The Chinese had long maintained trade relations in the Philippines and a steady presence in the capital of Manila. Due to the proximity between the Philippines and China, and the large trade networks established with China, migration, trade, and fluid identities have long characterized the Chinese in the Philippines (Chu 2021). For the Spaniards, the significant role the Chinese played in trade would spur fears that engendered societal and political discrimination, for instance, through exclusionary policies and deportation (Chu 2002).

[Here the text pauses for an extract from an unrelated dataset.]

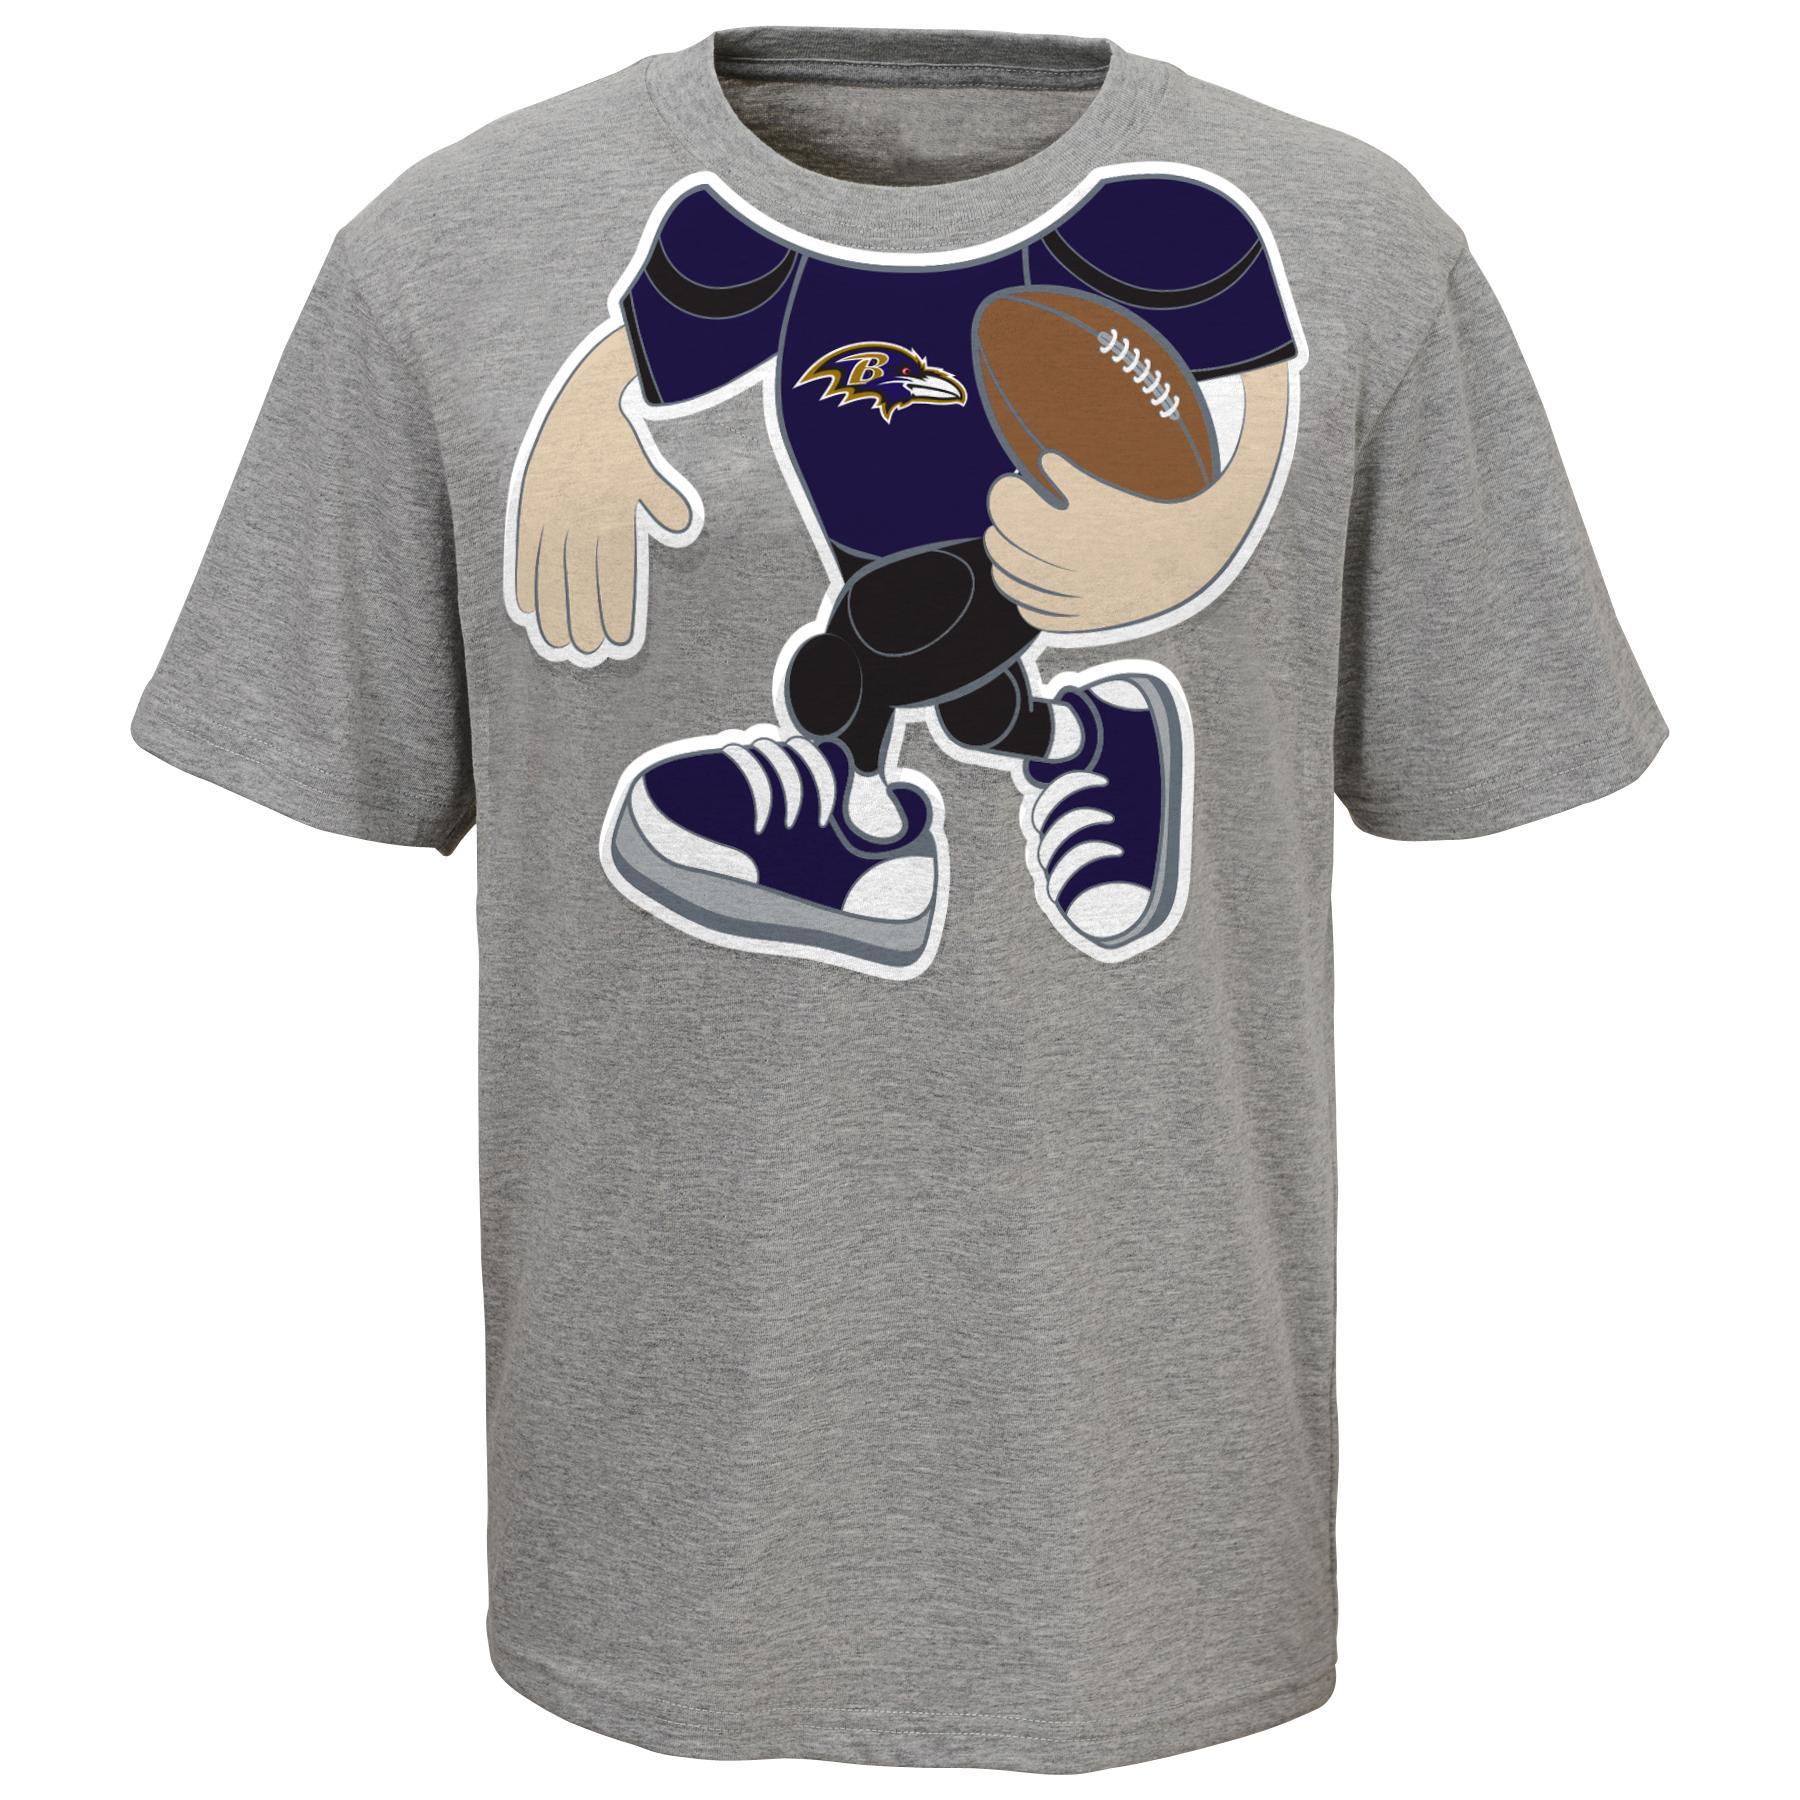 NFL Toddler Boys' Graphic T-Shirt - Baltimore Ravens

Those identified as sangley would be kept away from the rest of the population in Manila, in areas called parián, and given their own governor. But suspicions that local Chinese would support incursions of Chinese from the mainland into the Philippines culminated in mutual tensions and, eventually, the Parian Massacre in 1603, which resulted in an estimated 15 to 25 thousand deaths (Wills 1998 p. 360). The inability of the Spaniards to make clear distinctions between Chinese who were settled in the Philippines and those who were transitory, as well as to distinguish amongst their religions, was reflected in the nomenclature given to the Chinese in the Philippines: from the general term sangley, into sub-classifications such as sangley infiel and sangley Cristiano (to distinguish between non-Christians and Christians); sangley invernado and sangley radicado (to distinguish between transient and resident Chinese); mestizo de sangley (to distinguish offspring of intermarriage with indios), or, in terms of origin, such as between sangley and macanistas or macao, the latter of which arrived in the Philippines through Macao (Chu 2021). The various identities that were associated with the Chinese in the Philippines were often treated with suspicion about their true religious or political loyalties - such as in the article above from La Ilustración Oriente, in which the writer casts a ‘chino’ – a term later adopted for the Chinese - as an infiel (non-Christian) that places the likeness of Saint Nicholas next to Confucius, implying a hybrid and perfunctory approach to faith.

 

Bibliographic references

Angeles, Vivienne SM. 2010. “Moros in the Media and beyond: Representations of Philippine Muslims.” Contemporary Islam 4: 29–53.

Chu, Richard T. 2021. “From ‘Sangley’ to ‘Chinaman’, ‘Chinese Mestizo’ to ‘Tsinoy’: Unpacking ‘Chinese’ Identities in the Philippines at the Turn of the Twentieth-Century.” Asian Ethnicity

Chu, Richard T. 2002. “The ‘Chinese’ and ‘Mestizos’ of the Philippines: Towards a New Interpretation.” Philippine Studies 50 (3): 327–70.

Donoso, Isaac. 2013. Islamic Far East: Ethnogenesis of Philippine Islam. Quezon City: University of the Philippines Press.

Rodríguez-Rodríguez, Ana M. 2018. “Mapping Islam in the Philippines: Moro Anxieties of the Spanish Empire in the Pacific.” In The Dialectics of Orientalism in Early Modern Europe, London: Palgrave Macmillan: 85–100. 

Thomas, Megan C. 2016. Orientalists, Propagandists, and Ilustrados: Filipino Scholarship and the End of Spanish Colonialism. Mandaluyong: Anvil Publishing.

Wills, Jr., John E. 1998. “Relations with Maritime Europeans, 1514-1662.” In The Cambridge History of China Vol. 8: The Ming Dynasty 1368-1644. Part 2., edited by Denis C. Twitchett and Frederick W. Mote, 8. Cambridge: Cambridge University Press: 334–75.